眉村ちあきの音楽隊は完全に組み合わせの勝利ーー中野サンプラザで見た、現在のミュージシャンとしての真価
完全に組み合わせの勝利である。2021年9月17日に中野サンプラザで開催された眉村ちあきのワンマンライブ『眉村ちあきの音楽隊』は、越智俊介(Ba / Shunské G & The Peas、CRCK/LCKS)、兼松衆(Key)、qurosawa(Gt / POLLYANNA)、小西遼(Sax / CRCK/LCKS)、吉田雄介(Dr / tricot)という猛者が揃ったステージ。1週間前には、今回のバンドメンバーとともに演奏した「悪役(Band ver.)」のMVも公開されていた。
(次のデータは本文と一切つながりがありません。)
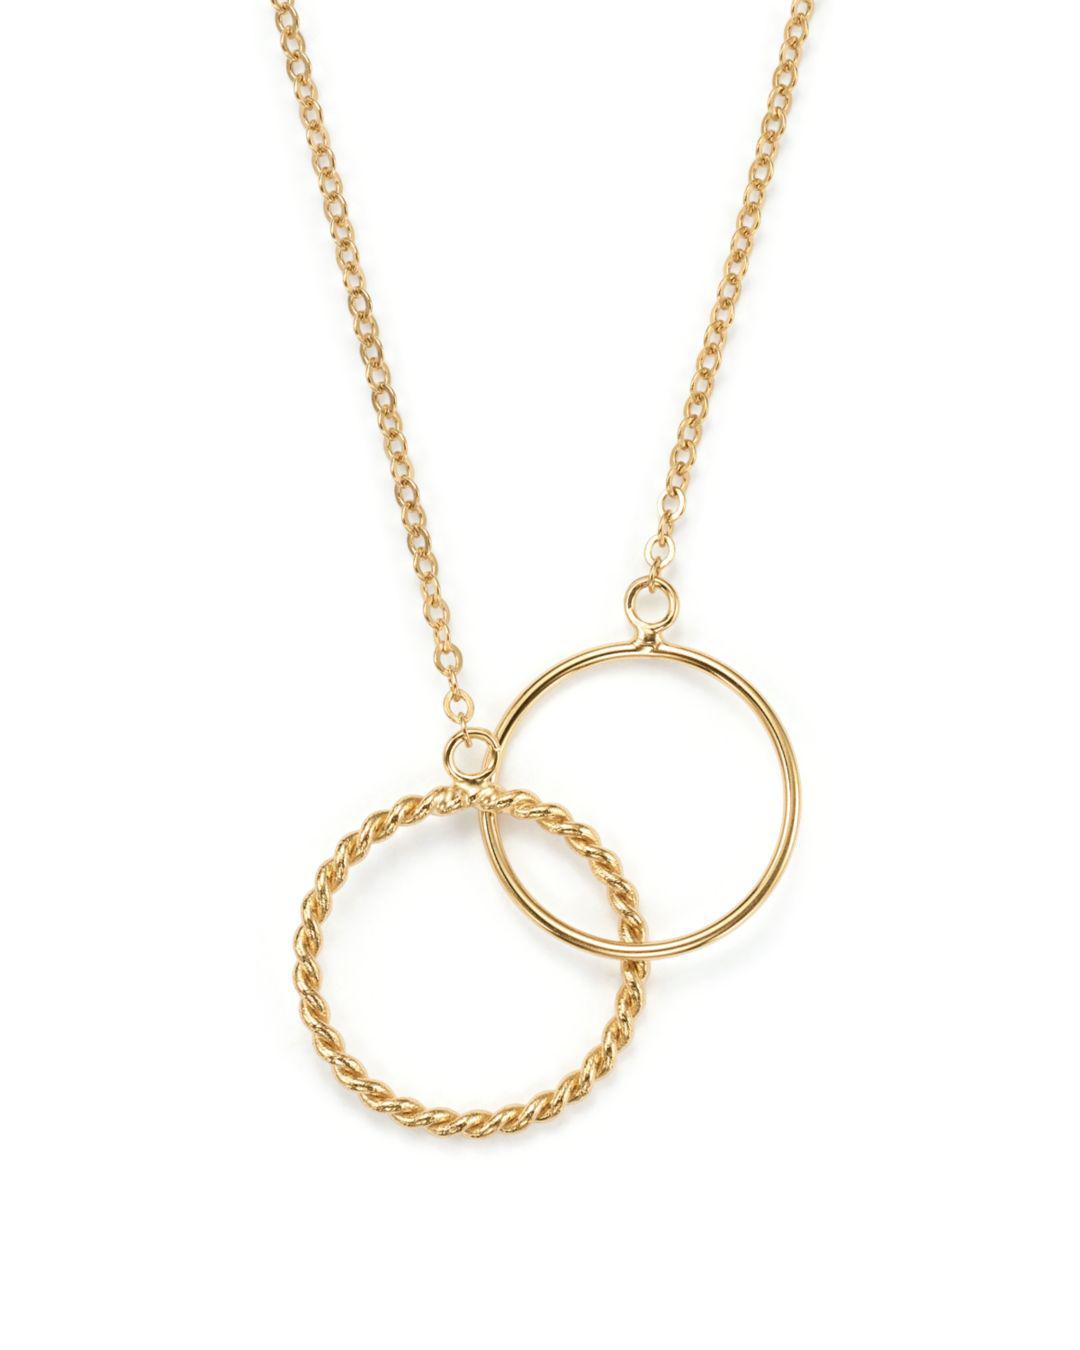 Bloomingdale's 14k Yellow Gold Interlocking Rings Necklace, 18" in

さらに9月12日には新曲「モヒート大魔王」がリリースされたが、こちらのアレンジには共編曲としてNuma(沼能友樹)が参加。こうしたミュージシャンとの邂逅のなかで迎えたのが、この日の中野サンプラザだった。
今回のバンドの中でも、小西遼や越智俊介といったCRCK/LCKSのメンバーの参加は、期待を大きく膨らませてくれた。いわゆるジャズ畑のミュージシャンたちだ。その期待が現実のものとなったのは、オープニングでバンドによるセッションが始まった瞬間だ。開演してすぐに、ということである。まるでジャズファンクのような演奏のなか、眉村がステージに登場。そして、リリースしたばかりの「モヒート大魔王」を披露した。
バンドは、特にリズムセクションがブラックミュージックの影響が濃い演奏。そして眉村は、まるで新しい遊び場を見つけた子供のように伸びやかに歌う。もちろん彼女はシンガーソングライターでありトラックメイカーなのだが、この日はボーカリストとしての魅力が全開となっていた。
「Individual」は、新しいメロディが次々と登場して、メロディの反復が極端に少ない構造が特徴的な楽曲だ。どう演奏するのだろうか……と思っていると、バンドはそのまま演奏してみせるというストレートな荒技をしてみせた。しかも、眉村のラップパートで演奏にタメが入ったのは刺激的だ。
眉村のアカペラから、バンドが一気に演奏に入る集中力を見せたのが「I was born in Australia.」。サビ以外はほぼファンクであり、その演奏で歌いこなす眉村にも見惚れてしまった。
「壁みてる」や「夏のラーメンワルツ」はさながらジャズナンバー。兼松のピアノのみで「DEKI☆NAI」を歌う眉村はゴスペルシンガーのようであり、中野サンプラザホールがカーネギーホールに感じられた瞬間でもあった。「本気のラブソング」も伴奏は兼松のピアノのみ。眉村のボーカルが、強烈な透明感と陰影をともに併せ持つことを感じさせた。歌っているのは〈ハゲてもハゲてなくても〉という歌詞なのだが。
qurosawaとのデュオで歌われたのが「奇跡・神の子・天才犬!」。qurosawaのギターには、どこかブリティッシュな響きがあった。
そして、この日の白眉だったのが「おばあちゃんがサイドスロー」だ。この楽曲で主軸を成すベースラインは越智による生演奏に。そして、兼松の鳴らすキーボードがバーニー・ウォーレルばりにPファンクを感じさせたのには驚いた。細部のサウンドによって、楽曲の印象は大きく変化していた。